In this sense, the Master’s Degree Final Project was organised in three chapters, which were divided into the following thematic areas:

The first chapter describes aspects related to consumer disputes in Peru and the need for accessible systems for their resolution. The national socioeconomic reality is analysed, as well as that specifically linked to the Cajamarca region and city, which is not unconnected to the national reality. From this perspective, the typology of consumer procurement in this area is considered, taking into account electronic procurement. And, by virtue of the elements described above, the type of disputes that can arise and the forms of alternative dispute resolution that the institutional consumer has, the question of how other types of alternatives could be implemented that include ADR and ODR in dispute resolution was considered.

In the second chapter the current regulatory and institutional framework for consumer protection in Peru is discussed. In which the organisation and functions of INDECOPI have been described and the specific procedures for the legal protection of the consumer have been identified. A critical appraisal of the institutional justice system is made, and the possible alternatives to the institutional monopolisation exercised by INDECOPI are analysed, as well as new ways to guarantee universal access to consumer justice.

In the third chapter the legal foundations that justify the regulation and implementation of mediation and arbitration, as part of ADR and ODR, in matters of consumer protection in Peru by the Bar Associations and Notaries are addressed. This is from the perspective of the right to access to justice, since it is considered that as long as this fundamental right is not guaranteed, it will be difficult to talk about the " Universalisation of the Consumer Protection System" and "Universalisation of Consumer Justice" in Peru.
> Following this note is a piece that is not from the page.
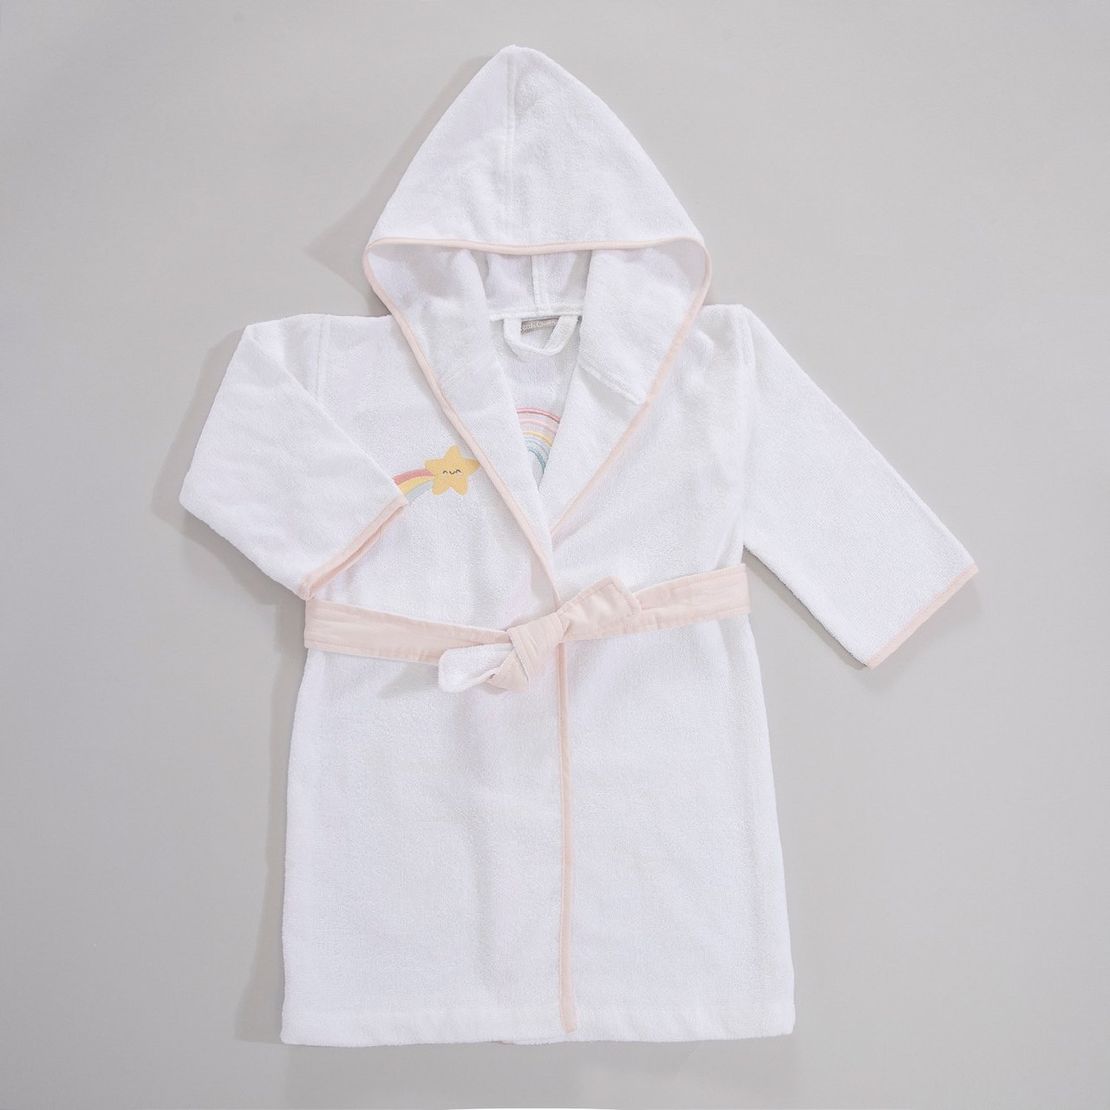 Дитячий махровий халат Rainbow, для дівчинки з аплікацією Веселка єдинорога 5-6 років, білий
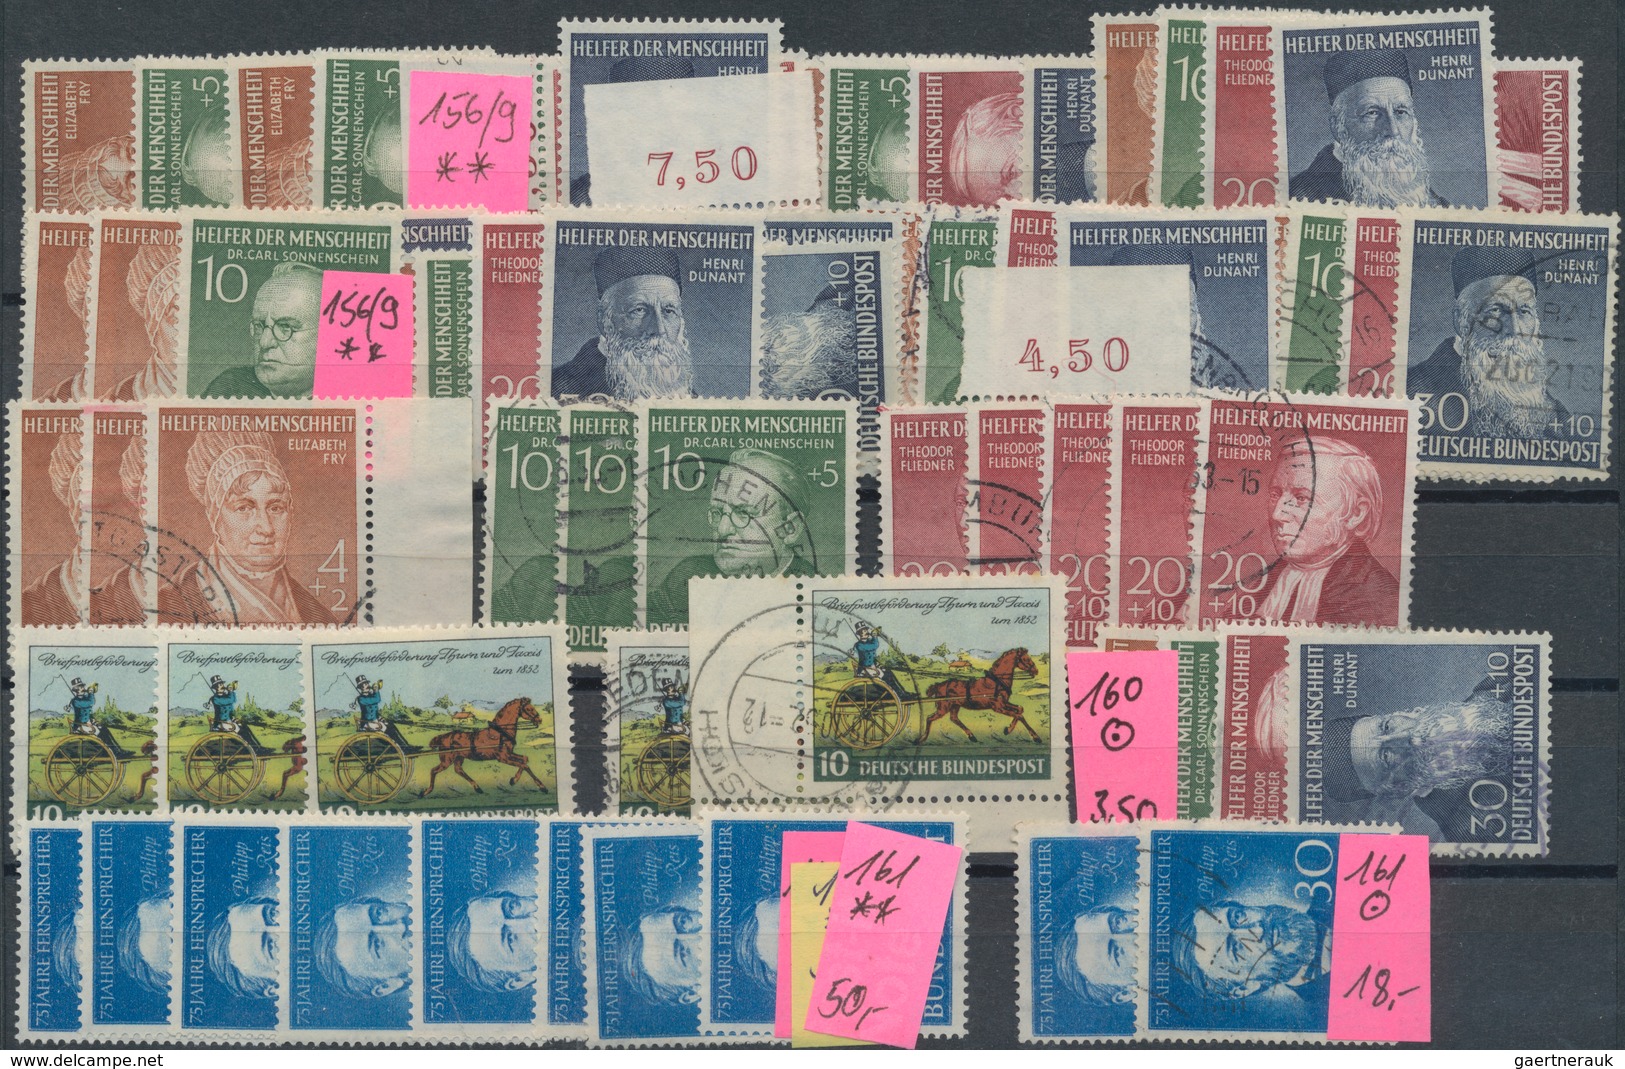 Bundesrepublik Deutschland: 1949/1955, gut besetzter Steckkartenposten mit nur mittleren und bessere

Thus, it is considered that the legal foundations can be found in: 1) The right of universal access to consumer justice in Peru; 2) The right to legal security in the framework of consumer contracts; 3) The principle of contractual balance; 4) The State's duty to guarantee. The implementation of ADR and ODR in consumer and user matters by the Professional Associations of Lawyers and Notaries in Peru will allow us to be at the forefront of the demands and challenges that ADR always poses in the present 21st century and the increasingly flexible forms of dispute resolution that fulfil an effective and efficient function in favour of the consumer, in order to guarantee justice, social peace and the full validity of fundamental economic rights.